Lu Xu-Feng, Zhou Yong-Jie, Zhang Lei, Ji Hong-Jie, Li Li, Shi Yu-Jun, Bu Hong
Xu-Feng Lu, Yong-Jie Zhou, Lei Zhang, Hong-Jie Ji, Li Li, Yu-Jun Shi, Hong Bu, Laboratory of Pathology, West China Hospital, Sichuan University, Chengdu 610041, Sichuan Province, China.
World J Gastroenterol. 2015 Jun 7;21(21):6591-603. doi: 10.3748/wjg.v21.i21.6591.
To investigate the continuous hepatic histopathological processes which occur in response to the loss of Dicer1.

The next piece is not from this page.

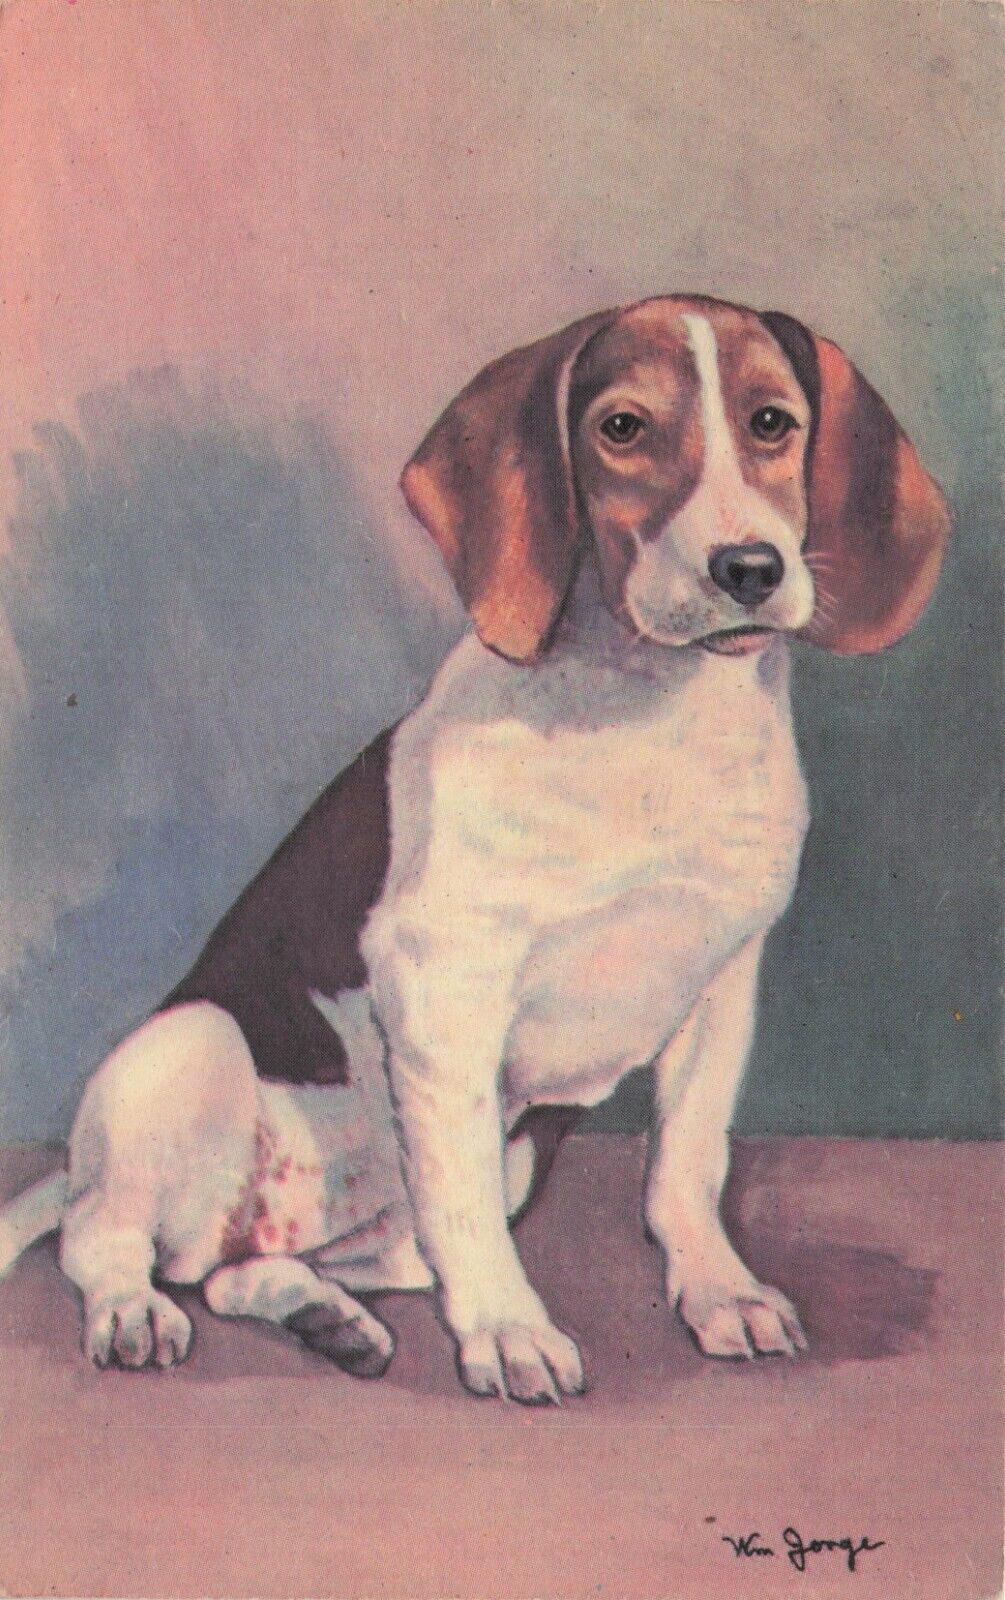 Artist Signed William Jorge Seated Beagle Dog Hound Alma Vintage Postcard

We generated a hepatocyte-selective Dicer1 knockout mouse and observed the gradual hepatic histopathological changes in the mutant liver. Immunohistochemistry and Western blotting were performed to detect Dicer1 expression. We performed hematoxylin and eosin staining, Periodic acid-Schiff staining, Oil Red O staining, and Masson's trichrome staining to detect histological changes in Dicer1-deficient livers. Ki67 immunohistochemistry, terminal deoxynucleotidyl transferase-mediated dUTP nick-end labeling assay, and Western blotting were used to determine hepatocyte proliferation and apoptosis. Serum biochemistry, cytokine assays, and flow cytometric analysis were performed to quantity liver necrosis and inflammation. Fibrogenic markers were determined by Western blotting and qPCR. CK19, CD133, and OV6 immunofluorescence were used to observe liver progenitor cells. Immunofluorescence and qPCR were performed to reveal embryonic gene expression. We also performed histological staining and Western blotting to analyze hepatocellular carcinoma (HCC) development.
Dicer1 inactivation resulted in significant architecture disorganization and metabolism disruption in the liver. Dicer1 disruption impaired hepatocyte survival and resulted in profound cell apoptosis and continuous necrosis. In contrast to previous reports, the mutant liver exhibited chronic inflammation and progressive fibrosis, and could not be repopulated by Dicer1-positive cells. In addition, extensive activation of hepatic progenitor cells was observed. Primary HCC was observed as early as 4 mo after birth.
Hepatic loss of Dicer1 results in complex chronic pathological processes, including hepatocyte death, inflammatory infiltration, chronic fibrosis, compensatory proliferation, progenitor activation, and spontaneous hepatocarcinogenesis.
研究因Dicer1缺失而发生的持续性肝脏组织病理学变化过程。
我们构建了肝细胞选择性Dicer1基因敲除小鼠,并观察突变肝脏中逐渐出现的组织病理学变化。采用免疫组织化学和蛋白质免疫印迹法检测Dicer1表达。我们进行苏木精-伊红染色、过碘酸-希夫染色、油红O染色和Masson三色染色,以检测Dicer1缺陷肝脏中的组织学变化。采用Ki67免疫组织化学、末端脱氧核苷酸转移酶介导的dUTP缺口末端标记法和蛋白质免疫印迹法来确定肝细胞增殖和凋亡情况。进行血清生化、细胞因子检测和流式细胞术分析,以量化肝脏坏死和炎症情况。通过蛋白质免疫印迹法和定量聚合酶链反应测定纤维化标志物。采用细胞角蛋白19、CD133和OV6免疫荧光法观察肝脏祖细胞。采用免疫荧光法和定量聚合酶链反应揭示胚胎基因表达情况。我们还进行组织学染色和蛋白质免疫印迹法分析肝细胞癌(HCC)的发生情况。
Dicer1失活导致肝脏结构显著紊乱和代谢破坏。Dicer1缺失损害肝细胞存活,导致严重的细胞凋亡和持续性坏死。与之前的报道不同,突变肝脏表现出慢性炎症和进行性纤维化,且不能被Dicer1阳性细胞重新填充。此外,观察到肝脏祖细胞广泛激活。出生后4个月就观察到原发性HCC。
肝脏中Dicer1缺失导致复杂的慢性病理过程,包括肝细胞死亡、炎症浸润、慢性纤维化、代偿性增殖、祖细胞激活和自发性肝癌发生。